The methods used to project ultimate loss for both long-tail and short-tail exposures include, but are not limited to, the following:

Paid Development,

Incurred Development,

Loss Ratio,

Bornhuetter-Ferguson Using Premiums and Paid Loss,

Bornhuetter-Ferguson Using Premiums and Incurred Loss, and

Average Loss.

The paid development method estimates ultimate losses by reviewing paid loss patterns and applying them to accident years with further expected changes in paid loss. Selection of the paid loss pattern requires analysis of several factors including the impact of inflation on claims costs, the rate at which claims professionals make claim payments and close claims, the impact of judicial decisions, the impact of underwriting changes, the impact of large claim payments, and other factors. Claim cost inflation itself requires evaluation of changes in the cost of repairing or replacing property, changes in the cost of medical care, changes in the cost of wage replacement, judicial decisions, legislative changes, and other factors. Because this method assumes that losses are paid at a consistent rate, changes in any of these factors can impact the results. Since the method does not rely on case reserves, it is not directly influenced by changes in the adequacy of case reserves.

For many products, paid loss data for recent periods may be too immature or erratic for accurate predictions. This situation often exists for long-tail exposures. In addition, changes in the factors described above may result in inconsistent payment patterns. Finally, estimating the paid loss pattern subsequent to the most mature point available in the data analyzed often involves considerable uncertainty for long-tail products such as workers compensation.

The incurred development method is similar to the paid development method, but it uses case incurred losses instead of paid losses. Since the method uses more data (case reserves in addition to paid losses) than the paid development method, the incurred development patterns may be less variable than paid patterns. However, selection of the incurred loss pattern requires analysis of all of the factors above. In addition, the inclusion of case reserves can lead to distortions if changes in case reserving practices have taken place, and the use of case incurred losses may not eliminate the issues associated with estimating the incurred loss pattern subsequent to the most mature point available.

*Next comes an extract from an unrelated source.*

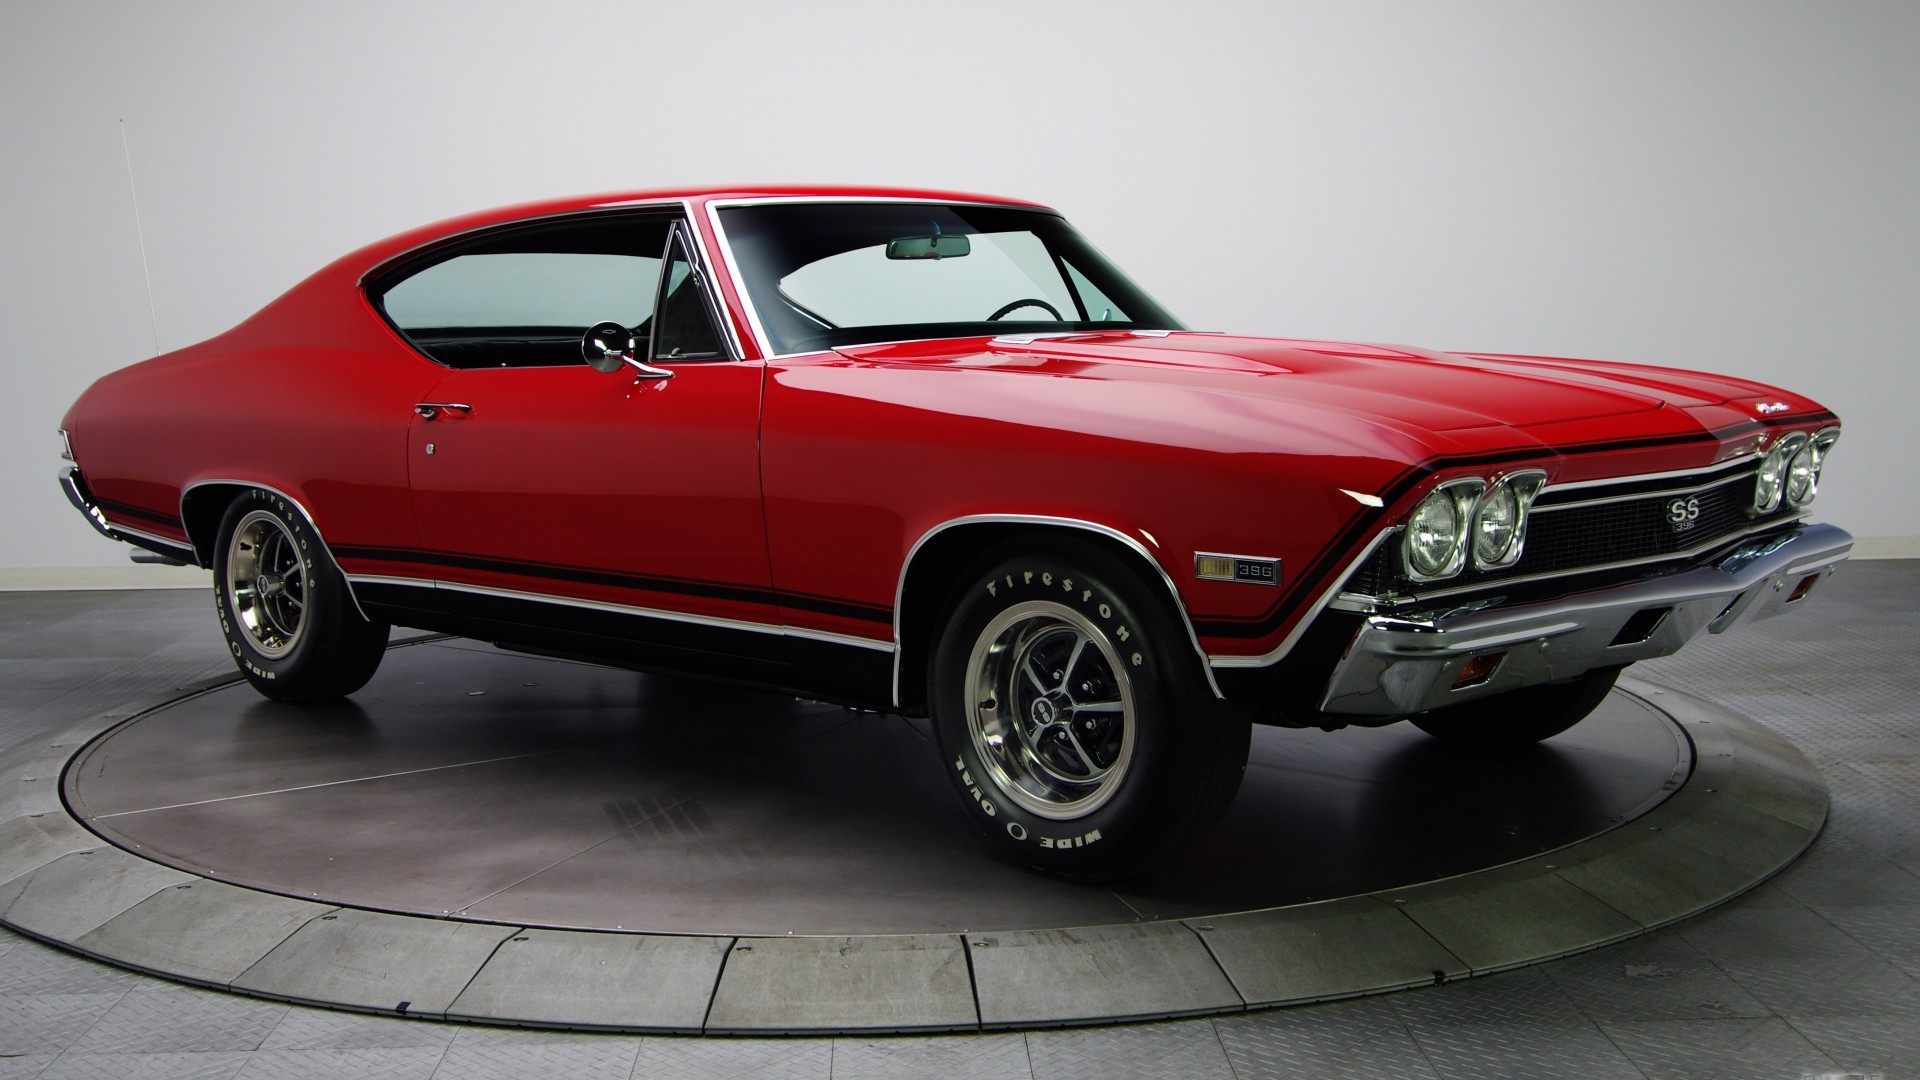 General 1920x1080 red cars vehicle simple background Chevrolet Chevrolet Chevelle
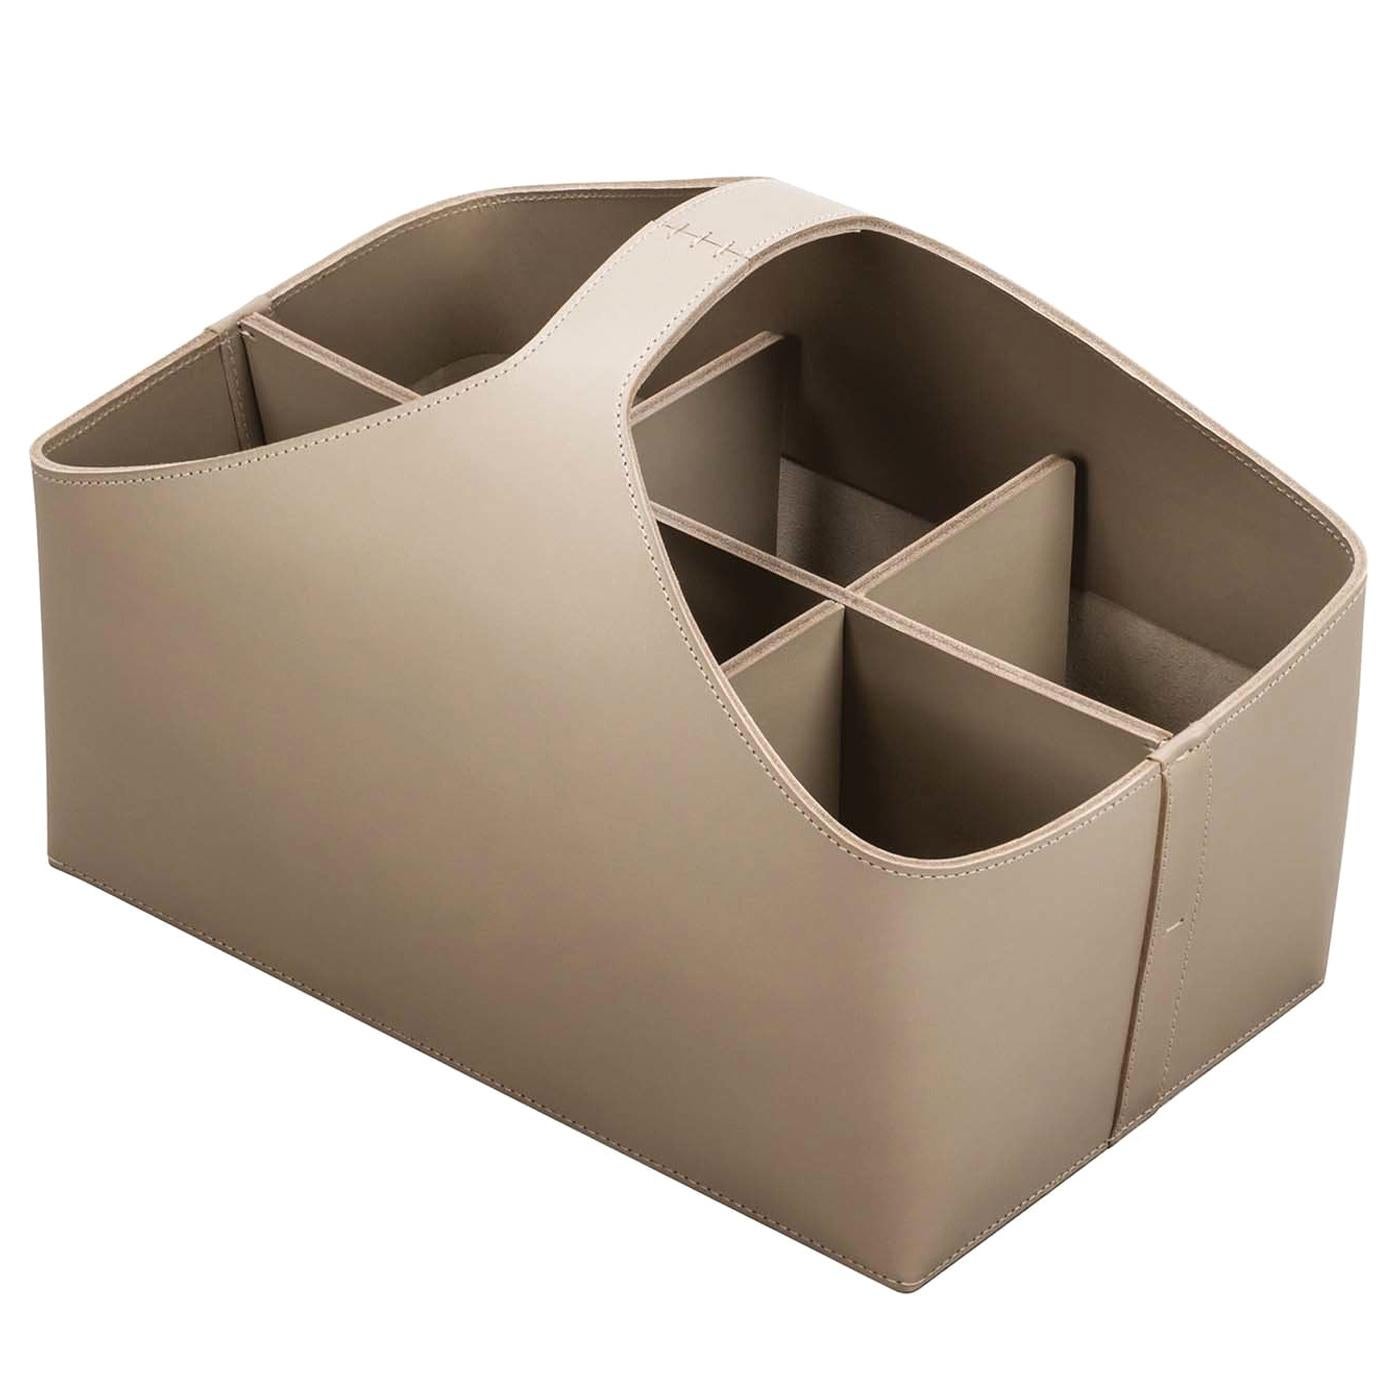 Arco Medium Caddy Basket with 6 Dividers in Sand Leather

The loss ratio method multiplies premiums by an expected loss ratio to produce ultimate loss estimates for each accident year. This method may be useful if loss development patterns are inconsistent, losses emerge very slowly, or there is relatively little loss history from which to estimate future losses. The selection of the expected loss ratio requires analysis of loss ratios from earlier accident years or pricing studies and analysis of inflationary trends, frequency trends, rate changes, underwriting changes, and other applicable factors.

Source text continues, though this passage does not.